Your instructions >> A faithful copy is required: transcribe each line below exactly, minus the pictures.

The data >>
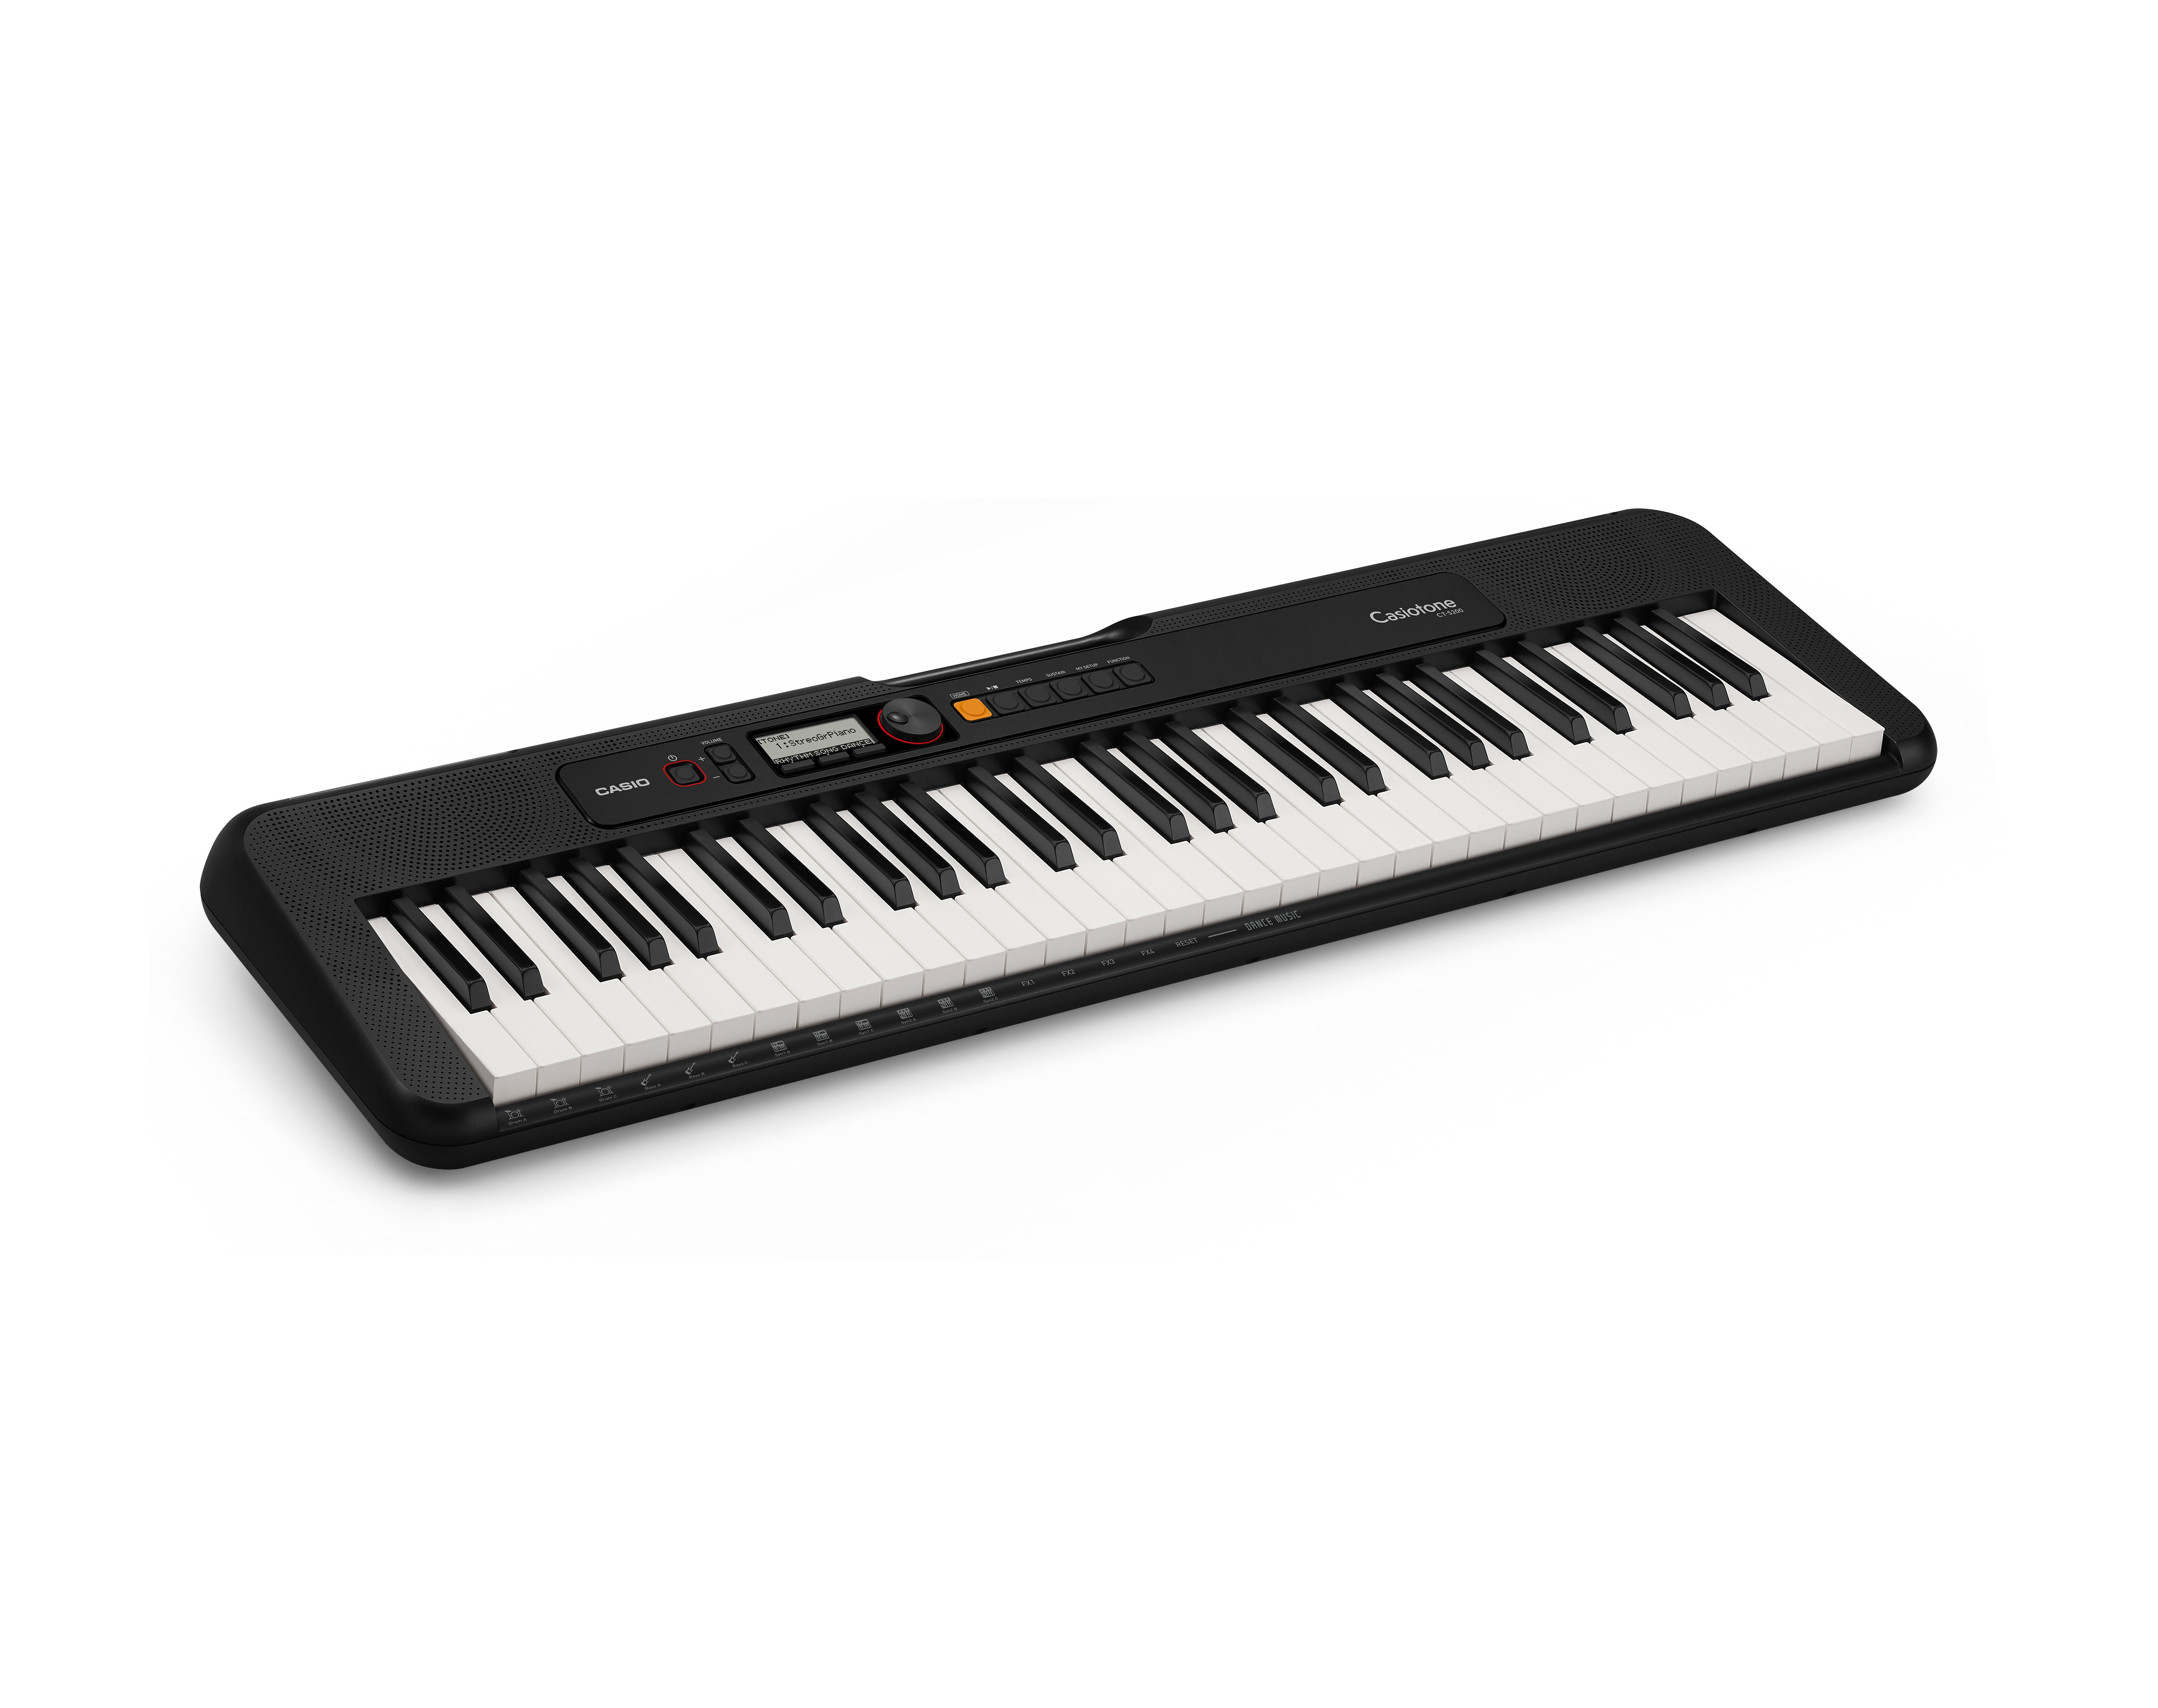 Casio CT-S200 61-Key Portable Keyboard
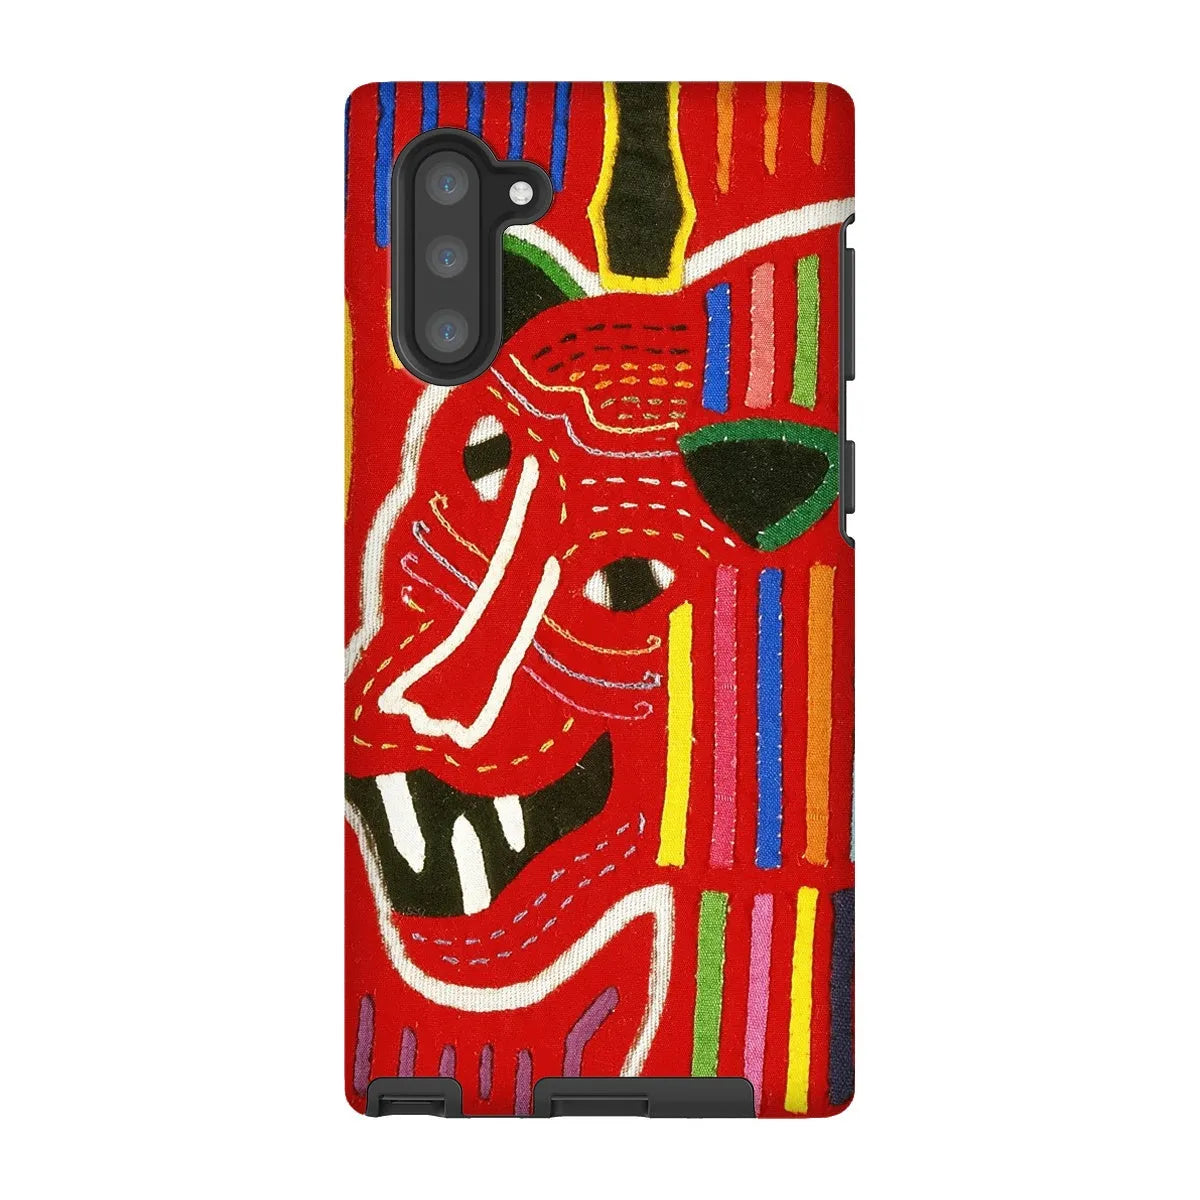 Roaring Tiger - Mola Needlework Art Phone Case - Samsung Galaxy Note 10 / Matte - Mobile Phone Cases - Aesthetic Art
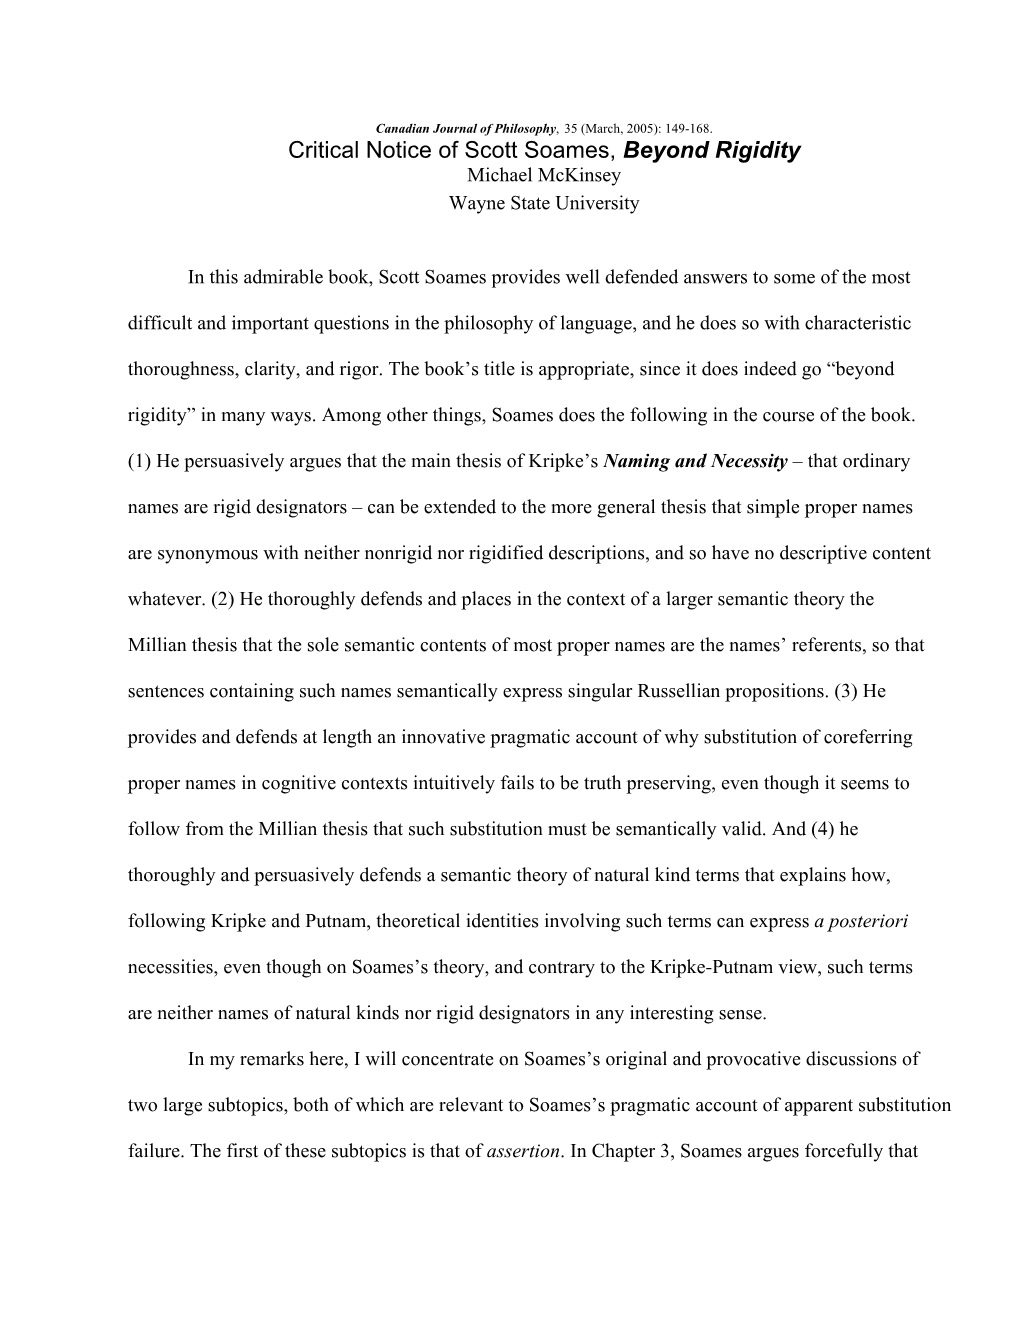 Critical Notice of Scott Soames, Beyond Rigidity Michael Mckinsey Wayne State University

Result of this task >>
 Casio CT-S200 61-Key Portable Keyboard
 Roaring Tiger - Mola Needlework Art Phone Case - Samsung Galaxy Note 10 / Matte - Mobile Phone Cases - Aesthetic Art
 Critical Notice of Scott Soames, Beyond Rigidity Michael Mckinsey Wayne State University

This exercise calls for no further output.